This is the seventh day of my participation in the First Challenge 2022. For details: First Challenge 2022.
# Springboot integration shiro — front and back end separation mode (part 1)
During the integration of Shiro, I also encountered a lot of problems, mainly login authentication. When authentication is well done, there are basically no problems with authorization. I also hit a break point and followed the process for more than ten times to almost clear the whole authentication process.
First of all, I will start with the official login flow chart. I have looked at the official document and summarized as follows:
- The application code calls the subject.login method and passes in a constructed AuthenticationToken instance representing the end user principal and credentials.
- The Subject instance, usually the DelegatingSubject (or subclass) delegates to the application’s SecurityManager by calling SecurityManager.login (token), where the actual authentication begins.
- SecurityManager as a basic component “umbrella”, receives the token and by calling the Authenticator, authenticate (token) simply entrusted to its internal Authenticator instance. Are basically ModularRealmAuthenticator instance, it supports during authentication coordination of one or more examples of Realm. Modularrealmauthentator essentially provides a PAM-style paradigm for Apache Shiro (in PAM terminology, each realm is a “module”).
- If the application is configured with multiple realm, ModularRealmAuthenticator instance will use its configuration AuthenticationStrategy start multidisciplinary authentication attempt. Before, during, and after the authentication of the calling realm, the AuthenticationStrategy is called to allow it to react to the results of each realm.
- Check to see if each configured Realm supports the submitted AuthenticationToken. The realm-enabled getawatitationInfo method will be called by the submitted token. The getAuthenticationInfo method effectively represents a single authentication attempt for a particular realm.
Then look at the flow chart of my program:
Because of the separation of the front and back ends, I rewrote the Filter for Shiro certification, so my certification starts with the filter and normally ends with the executeLogin(Request, Response) method, which is the starting point for our certification.
If you click on this method, you can see that the first step is to create the token. In the previous article, I mentioned that I have rewritten this method, because it is related to the authentication in realm later, so we have to decide what kind of token to create and how to authenticate in realm.
The createToken method I rewrote is the token object that I need to put in the createToken method. The authentication is determined by the token value in the realm.
@Override protected AuthenticationToken createToken(ServletRequest request, ServletResponse Response) throws Exception {// Obtain the request Token (dataId) String Token = TokenUtil.getRequestToken((HttpServletRequest) request); return new AuthToken(token); }Copy the code
After our token object is created, we go to the subjective.login (token) method, and we follow up with the securityManager securityManager and then call securitymanager.login (this, token).

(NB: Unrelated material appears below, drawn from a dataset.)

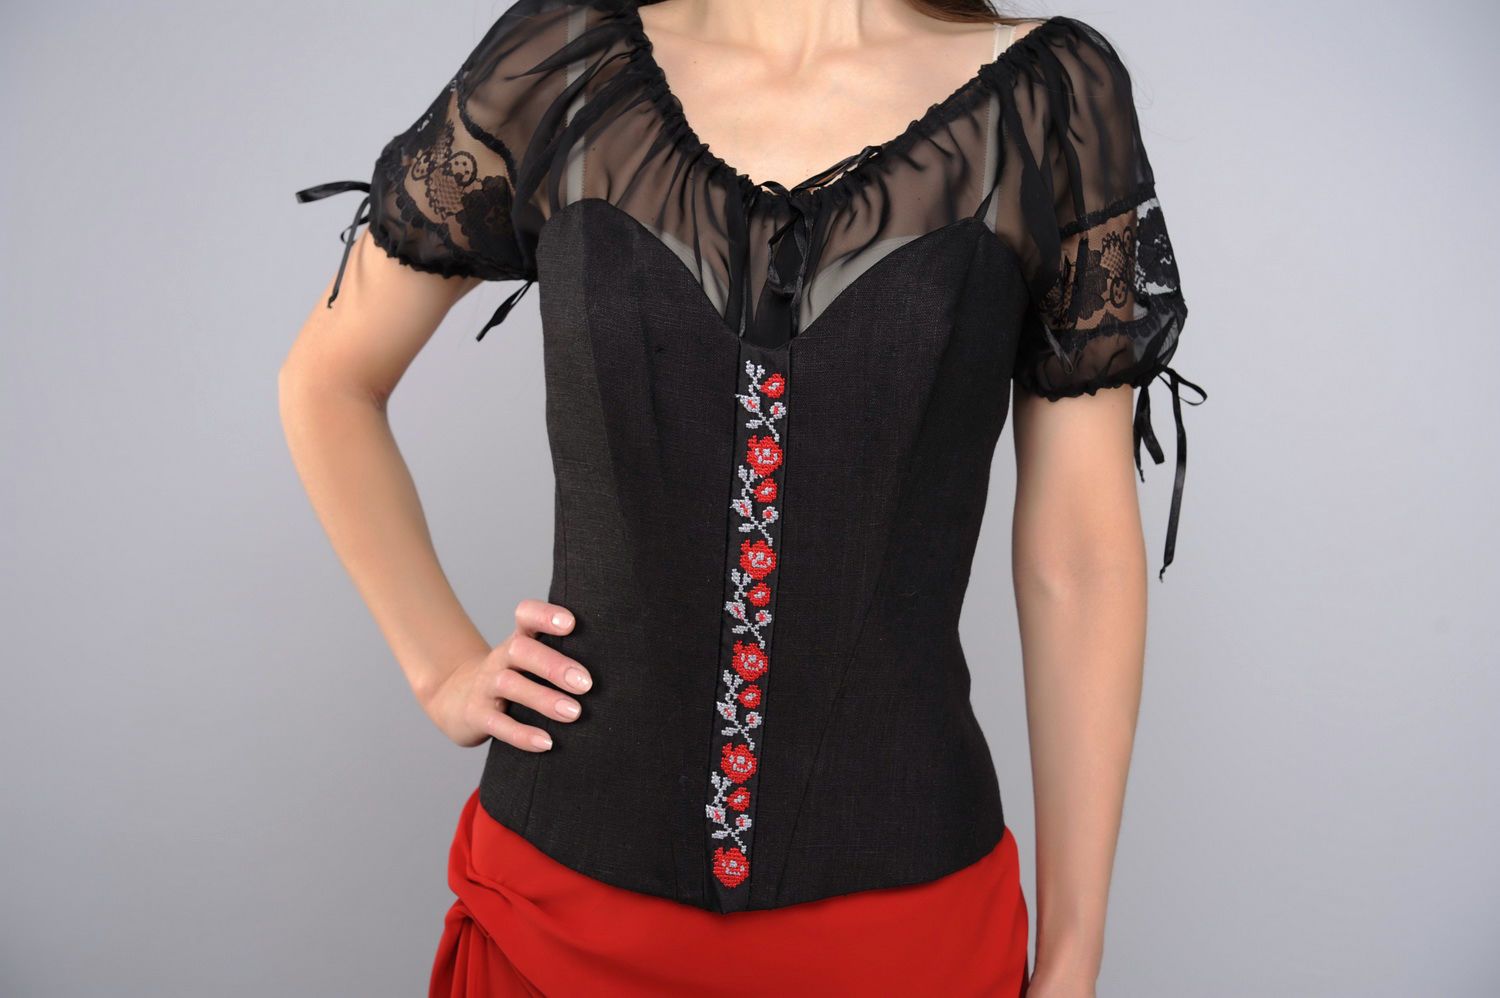 Ropa de mujer: falda, blusa, corset foto 1

Inside this method is to get our AuthenticationInfo object, the authentication information object, which is actually the object returned by our custom UserRealm override authentication method
We then enter authenticate(token) and see that info is returned by doAuthenticate(token)
We will first determine the number of realms we have configured and then decide which logic to use. We will use the single realm method with only one realm. Multiple realms should be more complicated
Then came to doSingleRealmAuthentication method, here is according to our custom realm to obtain the Info
The first step is to get the info from Shiro’s cache and determine if it is empty
So let’s see if it’s empty then we go to doGetAuthenticationInfo(Token) method, and that’s the method that we’re overwriting in UserRealm, and we’re just going to authenticate it and return info, so that’s the result of the first call, When the first request is blocked by the filter and we go all the way here, assuming we’ve called the login interface and got the token value. Because I’m not going to pass through the filter for the login, so I’m going to log in and get the token for the identity information, and then the other requests the first time they take the token for the identity information all the way up here and when they pass through our authentication logic they’re going to generate an info object, The info object’s second argument, the token value representing the identity information, is returned and stored in Shiro’s cache
And then we’re going to look at the info not being empty, so this is not the first time, we’ve authenticated our info in the cache, and then we’re going to call assertCredentialsMatch, This method will first get something like a matcher to verify that the token passed in matches the info in the cache, and we will continue to click on it
There are many different implementations, but the last one is used here, which is to compare info and token. Hit a break point and run away
If you don’t want to use a token, you can change it to a user name for password verification. When you create a token, you put the password in it. When you generate info, you put the password in it
At this point, the logic of user authentication is over. After authentication, there is generally no problem with authorization, which is to find permissions and roles from the database and then set them to the user. Here I use annotated permission check, and write a annotation on the interface to do permission restrictions.